Bulan dan bintang di langit tampak indah menghiasi angkasa, malam jadi saksinya akan cinta yang memerlukan keberanian besar untuk bersama. Kini, keduanya tahu jika jalan di hadapan mereka masih panjang dan berliku. Kehilangan mungkin cara Tuhan untuk mengajarkan mereka untuk lebih saling menghargai dan tak melepaskan.
Angga membelai lembut rambut panjang Chelsea. Gadis yang berada di pangkuan Angga memejamkan mata, menikmati sentuhan lelaki yang begitu dicintainya.
“Ga ... sampai kapan kita bisa bersama seperti ini?”

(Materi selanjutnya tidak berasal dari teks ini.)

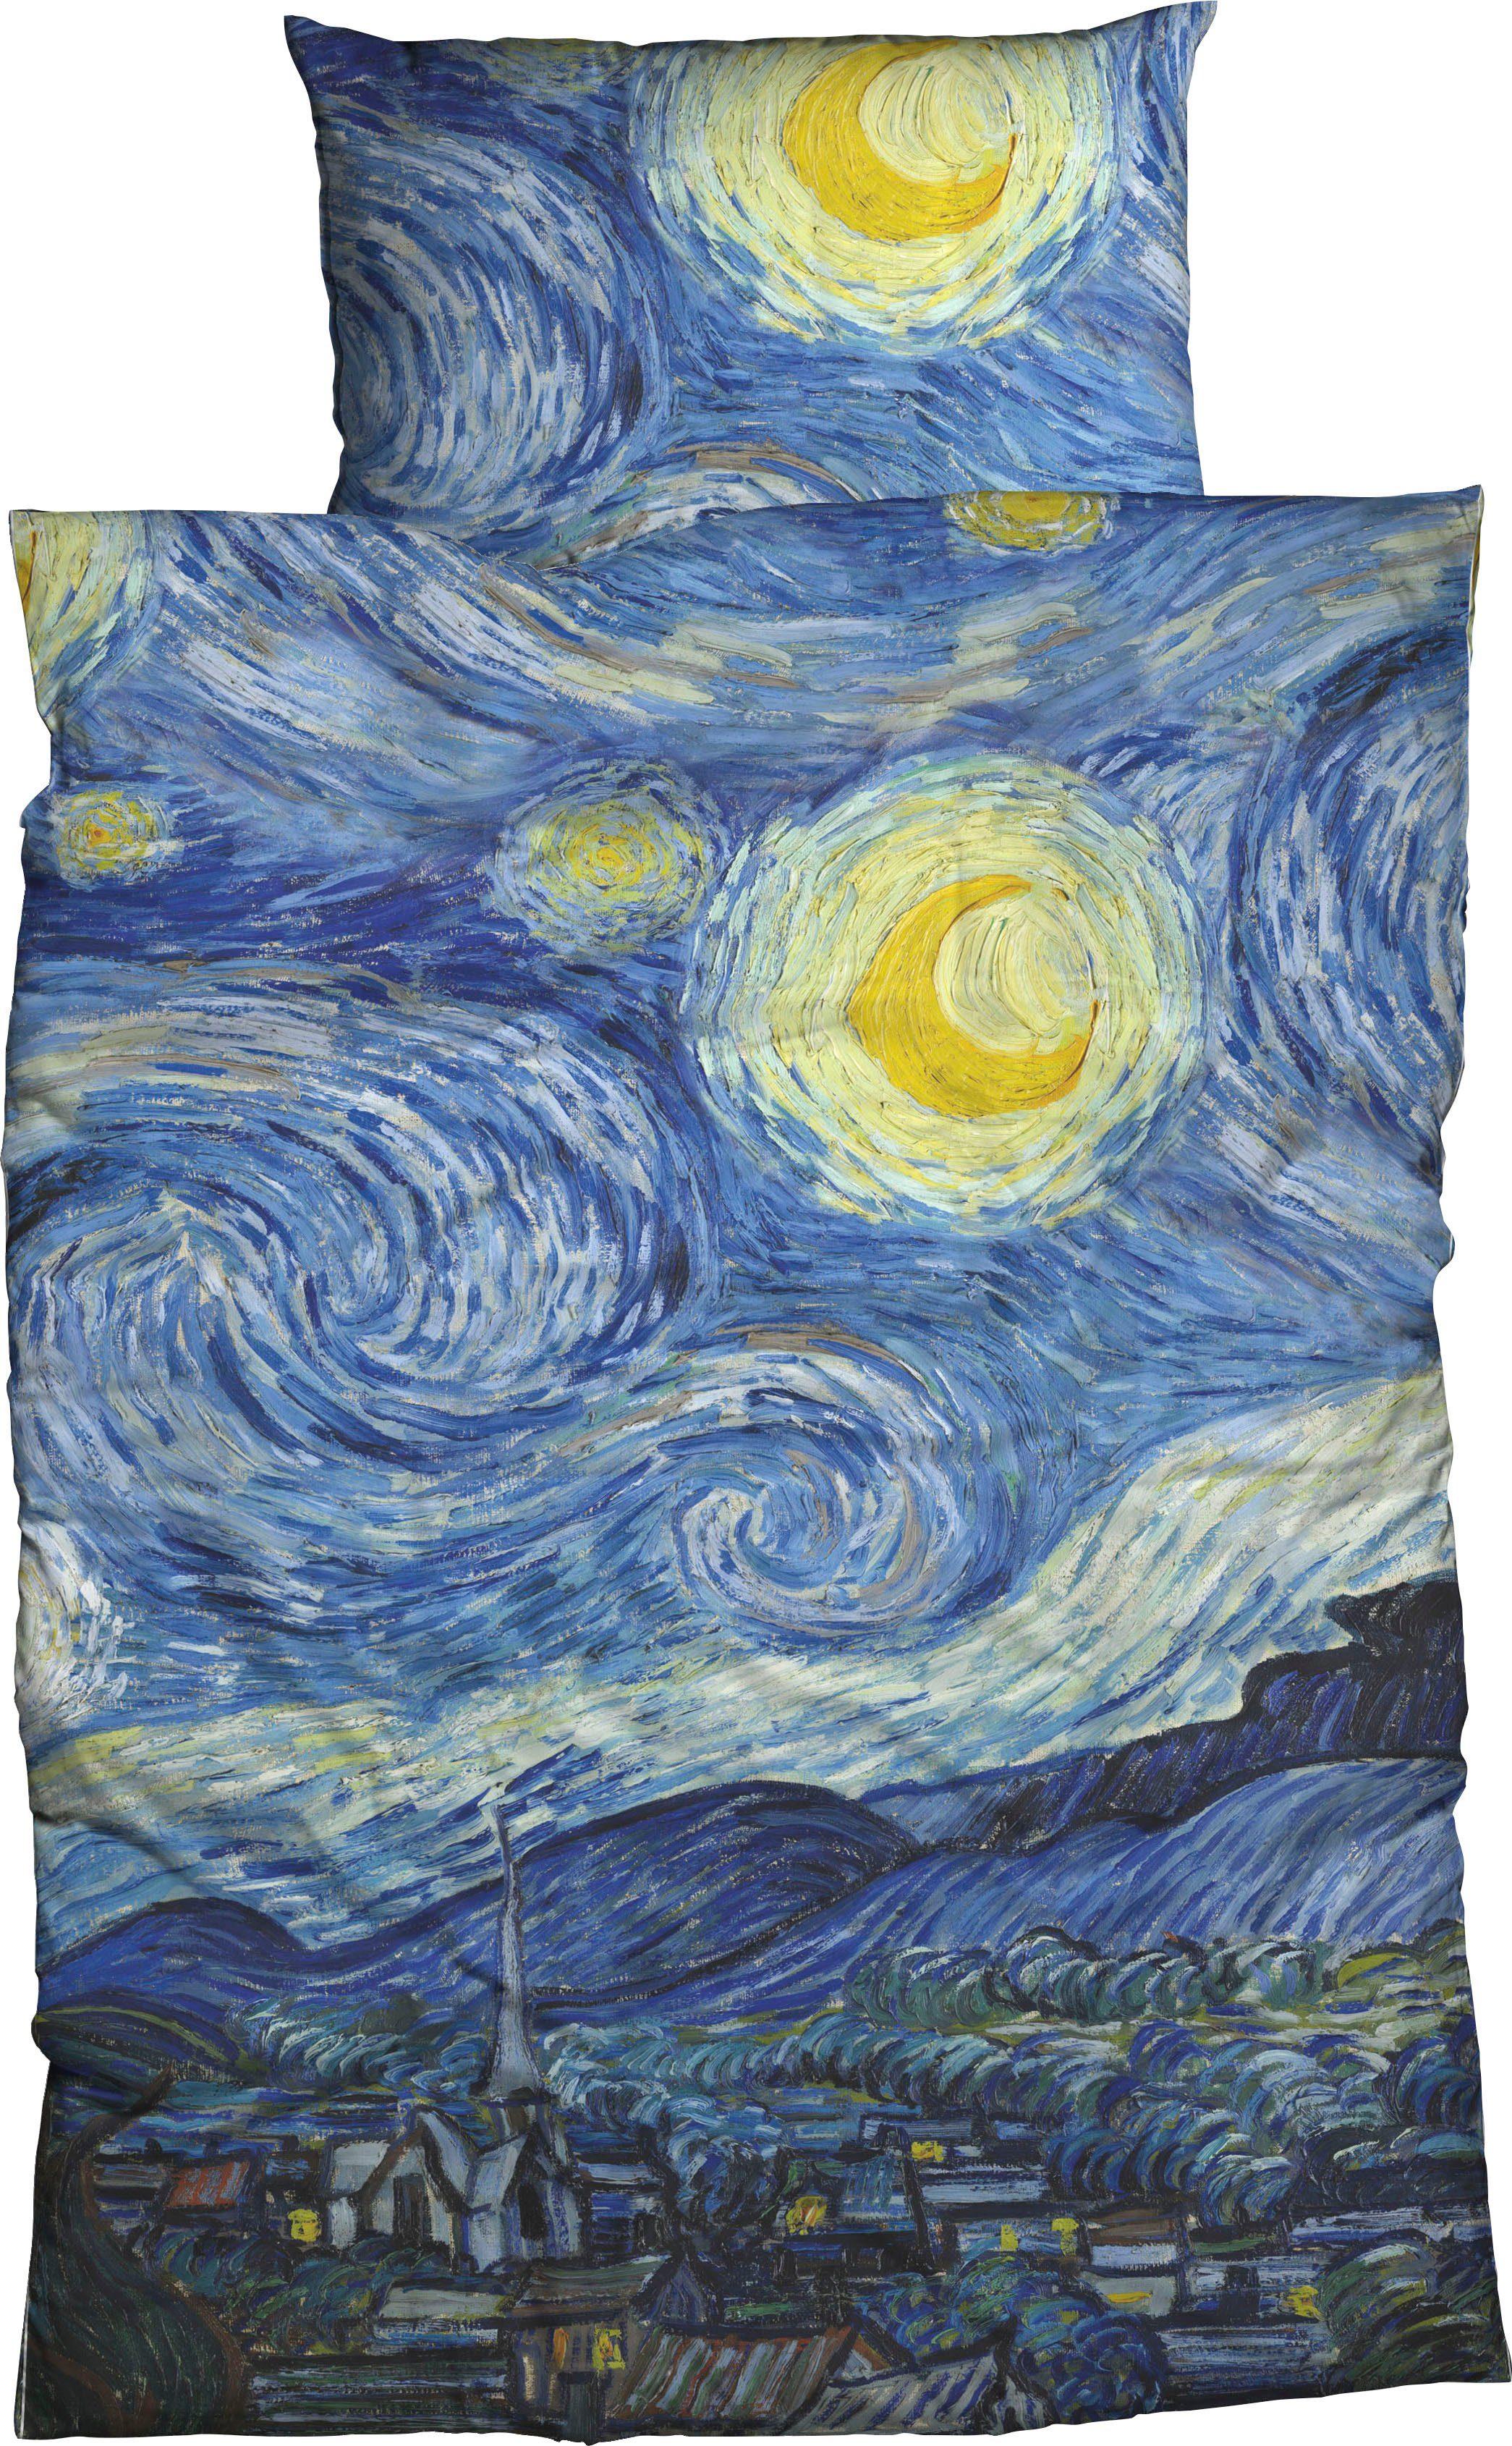 Bettwäsche Starry Night, Goebel, Satin, 2 teilig, geniales Design von Vincent van Gogh

Pertanyaan itu kerap menghantui Chelsea. Memiliki Angga tak sepenuhnya membuat ketakutan menghilang, justru mencintai seseorang kerap membuat hati melemah dan merasa was-was, seakan cinta memiliki waktu kedaluwarsa yang akan membuat semua rasa yang dulu begitu disukai musnah dalam sekejap.
Angga menautkan jemarinya di sela-sela jemari Chelsea. “Kita akan selalu bergenggaman seperti ini. Sampai tua, sampai jadi debu, Chel.”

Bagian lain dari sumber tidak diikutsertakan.